Data streams are increasingly becoming available on the Web. A variety of sources give origin to data streams, including social networks, mobile phones, smart homes, healthcare devices, and parts of the modern infrastructure. From new opportunities arise new challenges. A common problem in scenarios involving data streams on the Web is how data can be integrated to enable the creation of new knowledge. Reasoning techniques are a possible solution to help with this integration. However, while modern reasoners scale up in the static domain of ontological knowledge, reasoning upon rapidly changing information has received attention only in the last decade [1]. The combination of reasoning techniques with data streams has given rise to the new research area of Stream Reasoning. i.e., reasoning on highly dynamic flows of information [2]. Stream Reasoning research area that has started to produce impactful results relevant to both the Semantic Web [3] and stream processing communities [4].

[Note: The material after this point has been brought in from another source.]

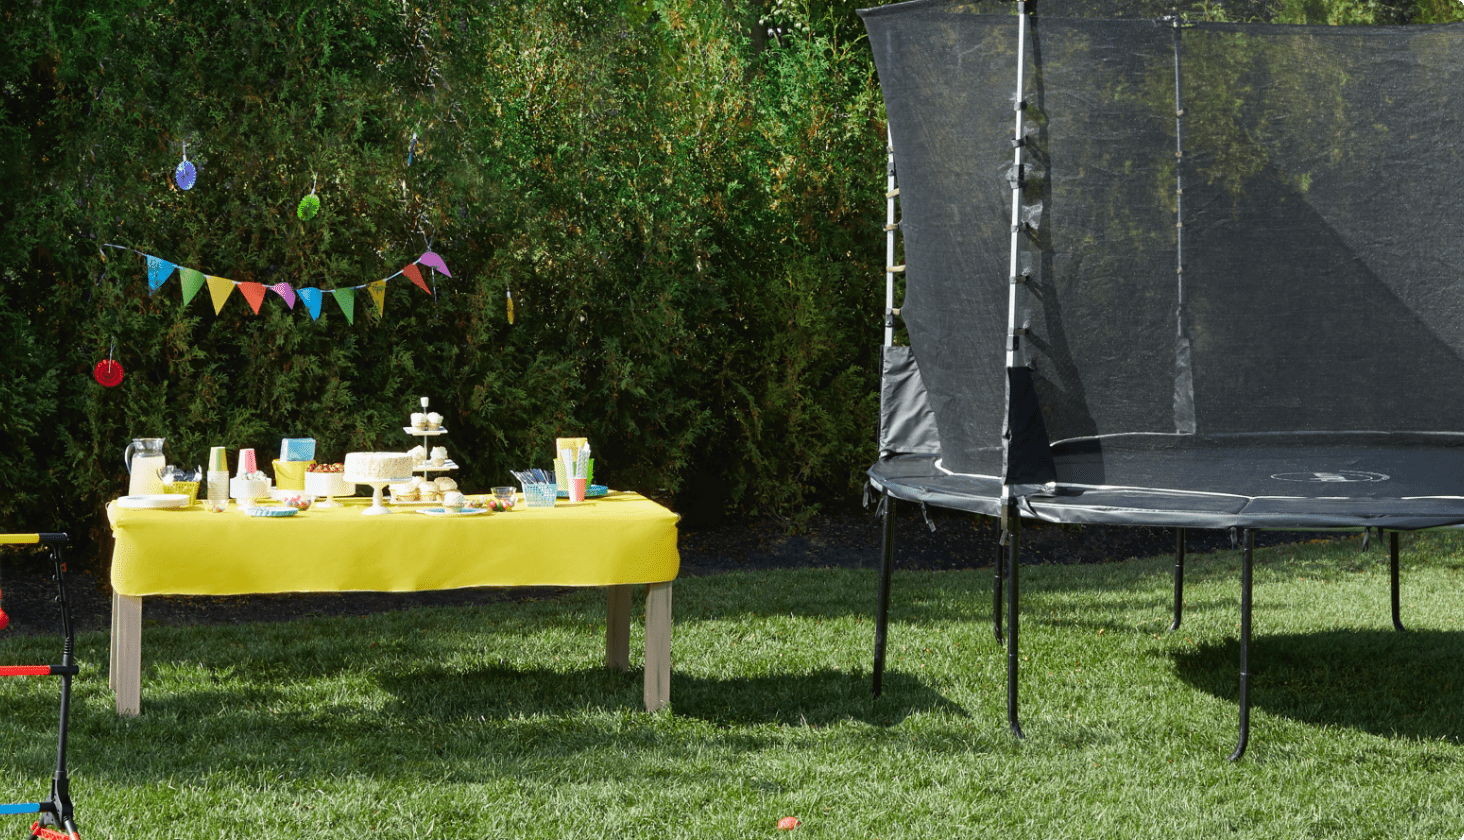 Birthday party table set up with yellow table cloth, birthday cake and party cups beside a trampoline in a backyard.

Objectives: The goal of the tutorial is to provide the fundamental notion of reasoning over streams, provide an overview of current challenges and state of the art, describe the process of publication and description of data streams on the Web, showcase different techniques and technologies for processing Web streams, and outline the process of developing and deploying stream processing applications in a Web environment.

Relevance: The contents of this tutorial is highly relevant for ESWC 2019 attendees, as it focuses on practical aspects of developing and deploying applications that publish, produce, and process streaming (or rapidly changing) RDF data.

Scope: Stream reasoning technologies are now mature and reliable enough to build a tutorial with a stronger focus on hands-on sessions. Therefore, this tutorial not only surveys existing research outcomes and describes existing tools, but it also presents a Web-centric use-case and guides the participants through the development of a Web stream processing application.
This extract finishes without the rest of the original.